Scale-free networks are everywhere. The can be seen in airline traffic routes, connections between actors in Hollywood, weblog links, sexual relationships, and terrorist networks. So what exactly is a scale-free network? A scale-free network is one that obeys a power law distribution in the number of connections between nodes on the network. Some few nodes exhibit extremely high connectivity (essentially scale-free) while the vast majority are relatively poorly connected. The reason that scale-free networks emerge, as opposed to evenly distributed random networks, is due to these factors:
- Rapid growth confers preference to early entrants. The longer a node has been in place the greater the number of links to it. First mover advantage is very important.
- In an environment of too much information people link to nodes that are easier to find. This preferential linking reinforces itself by making the easier to find nodes even more easy to find.
- The greater the capacity of the hub (bandwidth, work ethic, etc.) the faster its growth.
The Strength and Weaknesses of Scale-Free Networks
The proliferation of scale-free networks and our increasing dependence on them (particularly given their prevalence in energy, transportation, and communications systems) begs the question: how reliable are these networks? Here's some insight into this:
- Scale-free networks are extremely tolerant of random failures. In a random network, a small number of random failures can collapse the network. A scale-free network can absorb random failures up to 80% of its nodes before it collapses. The reason for this is the inhomogeneity of the nodes on the network -- failures are much more likely to occur on relatively small nodes.
- Scale-free networks are extremely vulnerable to intentional attacks on their hubs. Attacks that simultaneously eliminate as few as 5-15% of a scale-free network's hubs can collapse the network. Simultaneity of an attack on hubs is important. Scale-free networks can heal themselves rapidly if an insufficient number of hubs necessary for a systemic collapse are removed.
- Scale-free networks are extremely vulnerable to epidemics. In random networks, epidemics need to surpass a critical threshold (a number of nodes infected) before it propogates system-wide. Below the threshold, the epidemic dies out. Above the threshold, the epidemic spreads exponentially. Recent evidence indicates that the threshold for epidemics on scale-free networks is zero.
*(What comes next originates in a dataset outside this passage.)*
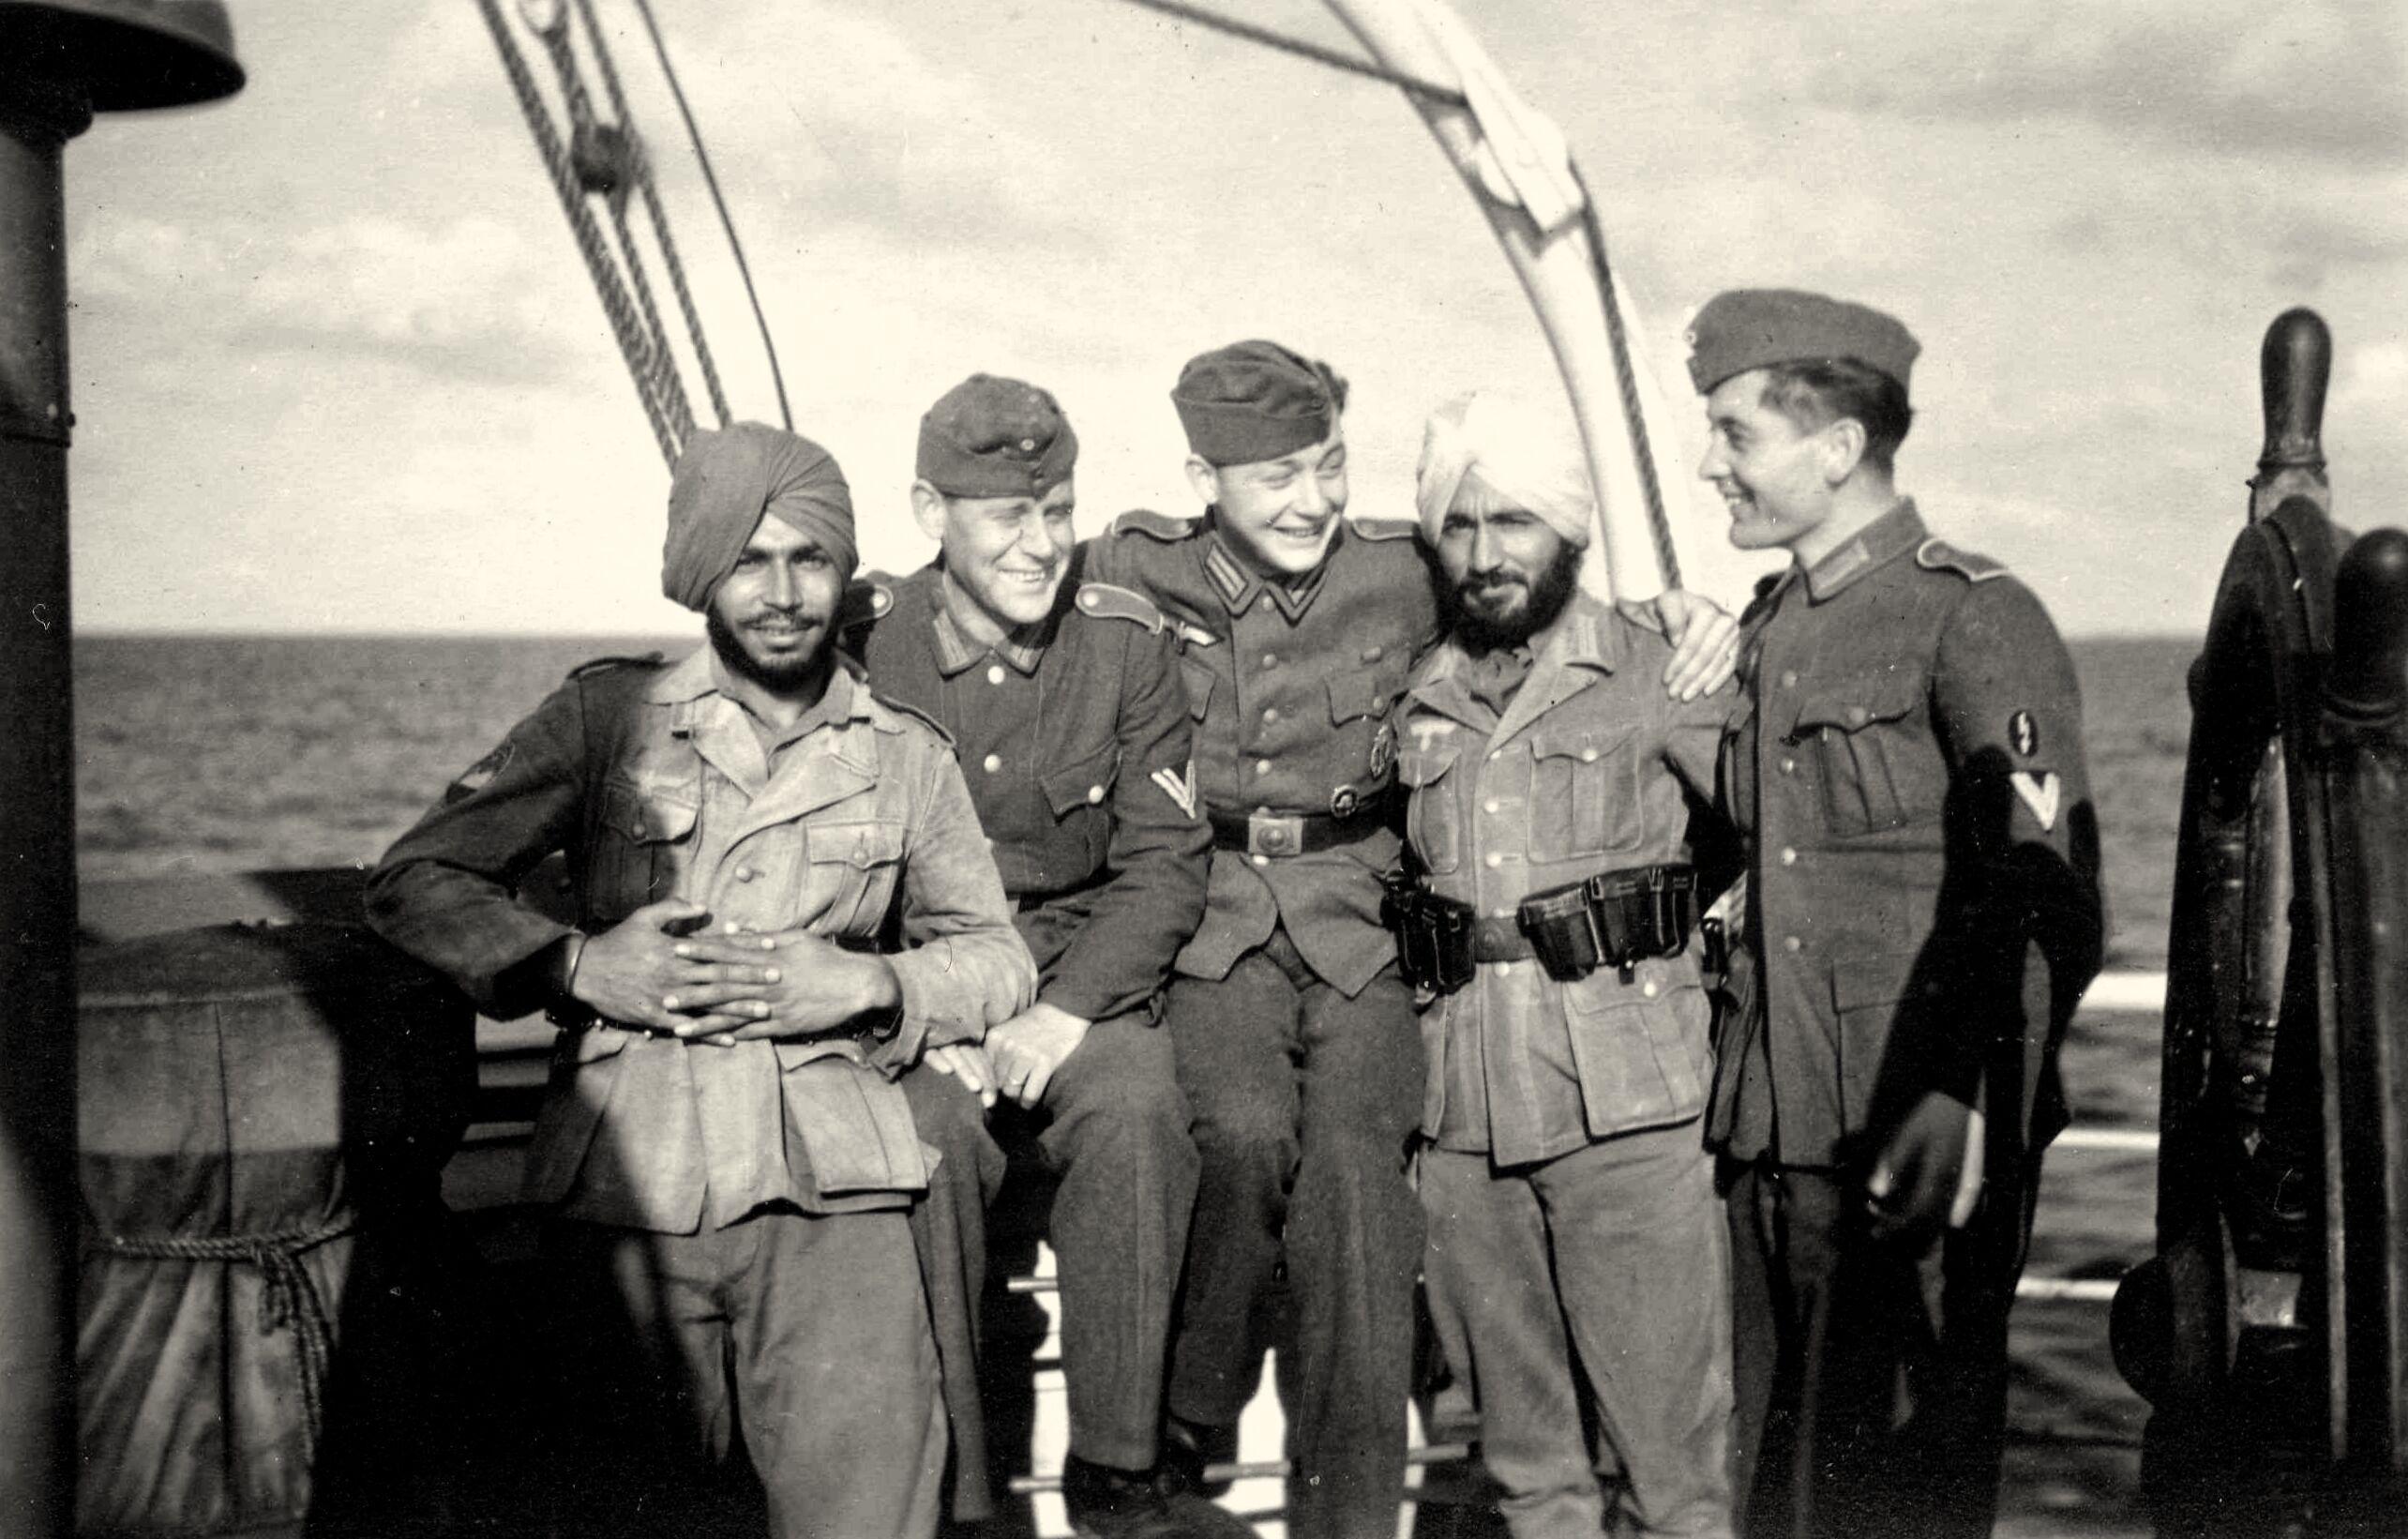 Drieduizend Indiase Sikhs, hindoes en moslims in Duits uniform brachten in bezet Nederland harten op hol
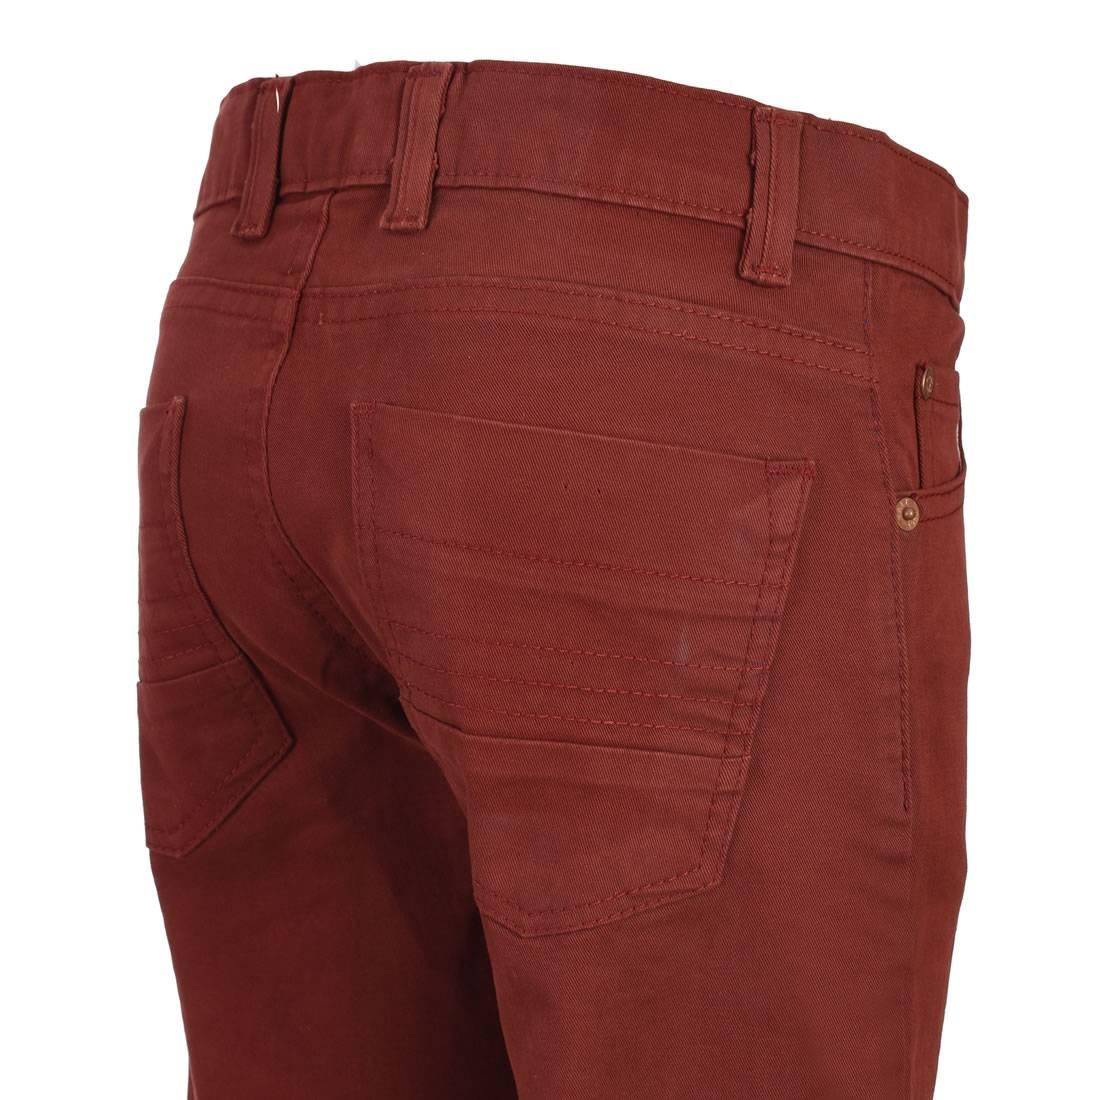 021109065473-04-Pantalon-Vaquero-Boys-Gabardina-Con-Elastano-Skinny-Fit-Cintura-Ajustable-Vino-yale

What this means for Counter-terrorists
Given the vulnerability of scale-free networks to intentional disruption, what does this mean for counter-terrorist planners (which I hope, but doubt, they are thinking about)? This theory has strong implications for defense as well as offense given that terrorist networks are likely highly heterogeneous. Here's what it means:
- Eliminating terrorist network hubs will likely not be effective. Non-state terrorist networks exhibit small world properties (see "TERRORIST CELLS" for more). This means that while large hubs still dominate the network, the presence of tight clusters (cells), continues to provide local connectivity when the hubs are removed. This implies that the attack on al Qaeda's Afghanistan training camps (the location of multiple hubs) did not collapse its network in any meaningful way. Rather, it atomized the network into anonymous clusters of connectivity until the hubs could reassert their priority again. Additionally, many of these clusters, even without the global connectivity provided by the hubs, will still be able to conduct attacks if they are of sufficient size and complexity (a variety of skill sets). A better approach may be to observe the hubs covertly to assertain the location of local clusters that need to be shut down.
- Critical terrorist social network hubs cannot be identified based on the number of links alone. Hubs vary in value depending on multiple vectors such as depth of connections (strong face-to-face social history is extremely important for trust development in covert networks -- see MAPPING TERRORIST NETWORKS for more), frequency of contact (which may indicate the individual is a conduit for information flow rather than an resource), and duration of links (which is tied to the importance of that individuals skill set to ongoing operations of cells they connect to). Analysis of the network along each of vectors can make for better decision making.
- Defense against attacks on hubs can be achieved in ways other than physical defense. These methods include: increasing the capacity of all hubs to absorb the taffic of failed hubs (a kind of surge protection), limiting or decreasing the maximum number of connections to any one hub (reduction in criticality), and increasing the cross connectivity of the network (local pooling of resources).